A careful observation speaks in favor of this interpretation. By refraining from a positive definition, one can find in Defoe a remarkable sensitivity for the usefulness, even necessity of publicness for society and each of its individuals. Publicness is necessary so that—to use Defoe’s own terms—scientific, moral and religious knowledge can spread. For this reason, publicness is an essential precondition for the individual to be able to shape her or his life on the level of cultural development. Moreover, publicness is necessary so that the individual can successfully withstand unjustified accusations and assaults. Publicness is therefore a human right, a fact often neglected in the complaint that the public sphere constitutes a threat to the private sphere.

Defoe’s observation that not only the harmful, but also the useful press was limited by the stamp tax also anticipates the simple truth that people in modern, parceled societies with a variety of media at their disposals can construct a more realistic picture of the world for themselves. These people are in a better position to cope with external problems than people who are obliged to rely on primary experiences without possible recourse to the media for their constructions of reality.

The benefit of publicness to the individual results in a benefit to society: Only if the individual members of a society defend their right to inviolability and self-determination and participate in the decision-making process of their whole social world can a modern society perceive its problems and solve them. We define this as the capacity for self-regulation.

Complex formations of society in which social communication is too strongly restricted by ideological, political and legal barriers remain unviable three centuries after Defoe’s general insight into the advantages of the principle of publicness. This became evident with the collapse of the socialist systems in Eastern Europe and the conservative-authoritative regimes in Latin America and South Africa near the end of the twentieth century.

Defoe’s idea of publicness becomes most impressive when he connects its use to the absence of general provisions regarding the press, be they political-ideological or (as in the case he fought against in 1711) economic in nature. The basic condition required by the media—so that they can fulfill their task of creating public discourse in the sense of preferably unrestricted social communication—consists of their general freedom to choose and investigate topics as they please and to use the various types of description at their disposal. This freedom is completed by the indispensable professional duty of journalists to publish. For (and we may add this after the epistemological debates since the Enlightenment) the decision about which subjects need publicness and which do not is in itself a problem of the openness of social communication. The definition and perception of the question of relevancy cannot be transferred to special institutions or persons (censors, watchdog groups, etc.)—since nobody can know in advance what he or she does not know yet—but must be left to public discourse, which requires in principle the absence of restrictions in the field of communication.

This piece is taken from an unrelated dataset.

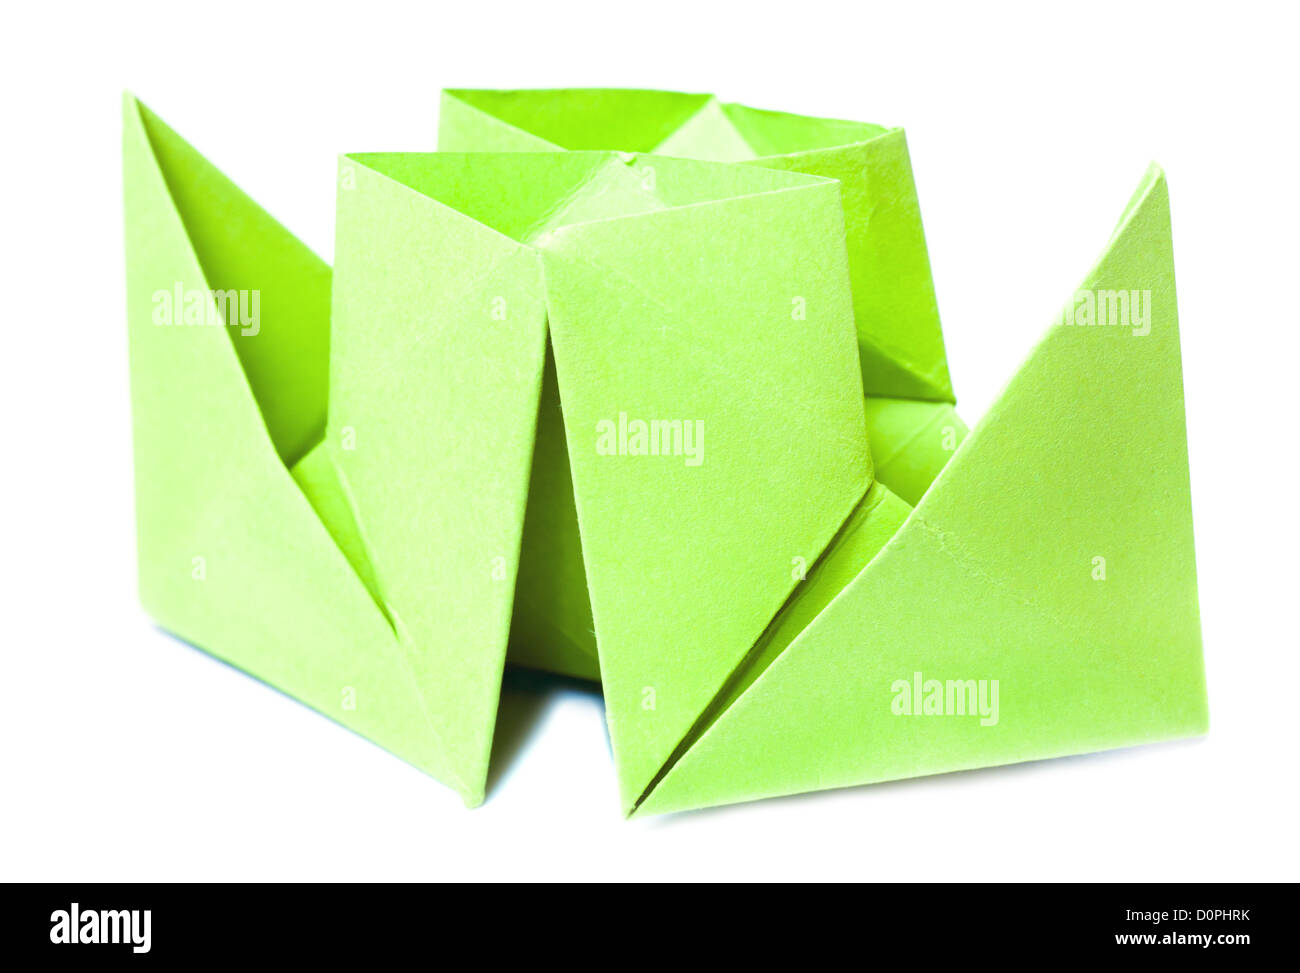 Origami-Figur des Bootes Stockbild
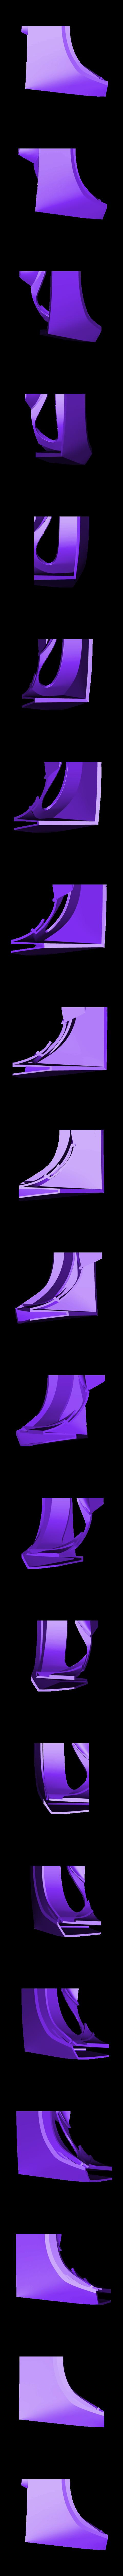 Part 16 v1.stl Download STL file ARF Trooper Helmet • 3D print object, VillainousPropShop

As Defoe was already aware, the freedom of the press is neither an optional cultural luxury, nor a professional privilege of journalists, but an element indispensable to the function of modern social structure. A society’s capacity to solve problems and its self-regulating capacity, i.e. its existence, depend on this freedom. Each form of ruling or external power that attempts to restrict the principle of the general freedom of journalistic work sooner or later harms society and ultimately itself. General restriction of the freedom of the media means general limitation of public discourse, and this general restriction amounts to an admission that the exclusion of certain conditions and practices could not be upheld in an open controversy, in an inter-subjective examination “by reason, argument, and matter of facts” (Payne 1951: 78), how Defoe it expresses.

An interesting side issue is Defoe’s observation that the stamp tax would deprive families working in the press sector of their economic existence. In contrast to Karl Marx 130 years later (cf. Pöttker 2001: 49), when the economic and professional roles of publishers and journalists had begun to separate due to the historical process of the division of labor and the differentiation of functions, Defoe, still publisher and journalist in one person, does not have an eye for the contradictions but for the similarities between freedom of the press and freedom of the trade. This appears far-sighted if one considers that a socially relevant public sphere has so far only been able to develop under the conditions of a market economy and capitalism but not in systems that are controlled from a centralized political and economic power. Although serious science cannot predict with certainty that this will remain the case, the experience of history tends to speak in favor of Defoe rather than Marx, a fact that has so far scarcely been noticed, let alone systematically verified by critical communication research.

After all, Defoe may perfectly represent the ideal of the literary journalist of the Enlightenment who separates information neither from opinion, nor self-publicity, nor even fiction, but takes advantage of these subjective ingredients so that the different components finally converge to become information.

Defoe’s fight against lies of the press

One year later, the stamp tax having meanwhile come into effect, Defoe wrote another article about problems of the press and published it in The Review on July 19, 1712. This article includes the following paragraphs:

 

I always thought it was the right of Englishmen to have liberty to speak freely in things relating to their general interest, only with this just restraint, viz., that they spoke truth, but I never thought that liberty extended to a general latitude of forging what stories they thought fit, and speaking by their own authority whatever they pleased, without respect to matters of fact. …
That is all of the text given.